We are of the opinion that the offense of possession of stolen goods is distinct from the offense of receiving stolen goods. The statute defines these offenses in the disjunctive and, therefore, clearly reflects the congressional intent that there were to be distinct crimes. This construction is reasonable because in instances similar to the case at bar the long continued possession of goods may well allow circumstances to give rise to knowledge that the property had been stolen even though the original receipt of the goods may have been innocent.

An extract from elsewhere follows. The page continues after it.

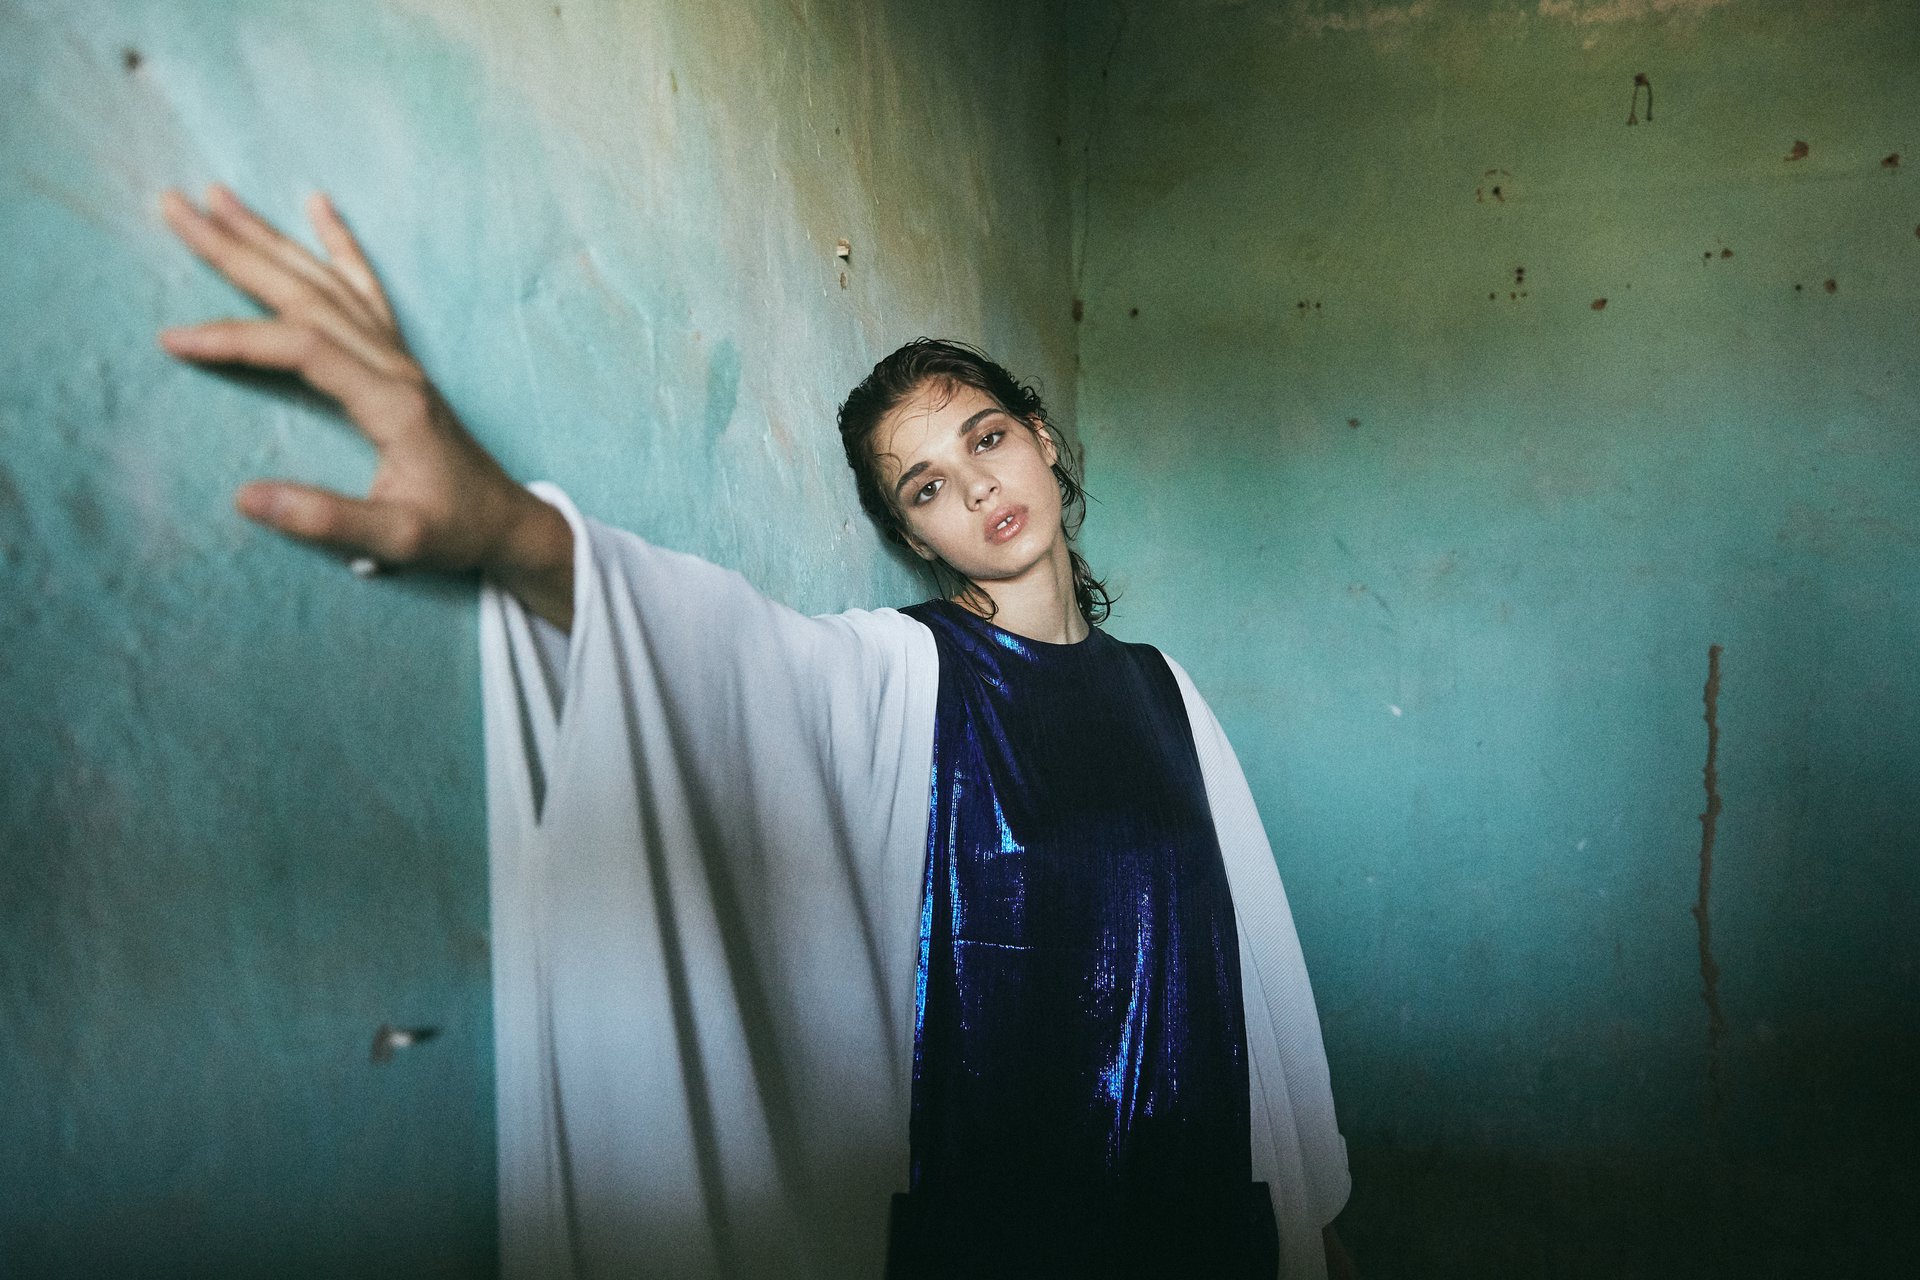 Woman standing against a wall with her arm outstretched, wearing a blue dress and abaya.

Defendant's citations are not in point. Generally they point up the principle that the offense of receiving stolen goods requires proof of guilty knowledge at the time of the reception. See Wolf v. United States, 290 F. 738 (C.C.A.2, 1923). Gay v. United States, 408 F.2d 923 (8th Cir. 1969) deals with the offense of obtaining goods by fraud. Schaffer v. United States, 221 F.2d 17 (5th Cir. 1955) again emphasizes the necessity generally for proof of guilty knowledge.


Finally, defendant urges that the trial court failed to give favorable consideration to the defendant's character witnesses and was too much influenced by testimony of the accomplice. This argument fails to recognize that the basic undisputed circumstances are amply sufficient to establish the defendant's guilt. Indeed it can be said that the proof is overwhelming and thus it cannot be said that the trial court abused its discretion in adjudging defendant guilty.


We conclude from a careful reading of the record that there is no error substantial or insubstantial.


Accordingly, the judgment is affirmed.


Count 1 of the indictment charged:

"On or about June 14, 1969, in the District of Kansas, and within the jurisdiction of this Court,


unlawfully, wilfully and knowingly did have in their possession chattels of a value in excess of $100.00, to-wit: one Natural Somali Leopard Coat of the approximate value of $8,500.00; one Natural Let-out Ranch Mink Coat of the approximate value of $3,500.00; one Natural Ceruleau Grey Mink Jacket of the approximate value of $1,250.00; and one Black Dyed Swakara Broad Tail Jacket of the approximate value of $500.00, which had been embezzled, stolen and unlawfully taken and carried away while in the custody of REA express via Braniff Air Lines moving in interstate commerce from Tulsa, Oklahoma, to Kansas City, Missouri, and Edward Joseph Egnatic, Betty Koran and Ronald Francis Visnosky then knew the said chattels to have been stolen, all in violation of 18 U.S. [C.]A. 659 and 2." [sic]


Her explanation was that this was a loan and not a sale


See also 76 C.J.S. Receiving Stolen Goods Sec. 8, p. 12:

Where by statute it is made an offense both to receive and to have, or retain, in possession stolen goods, one may be convicted of the latter offense even though he acquired guilty knowledge that they were stolen subsequent to receiving them.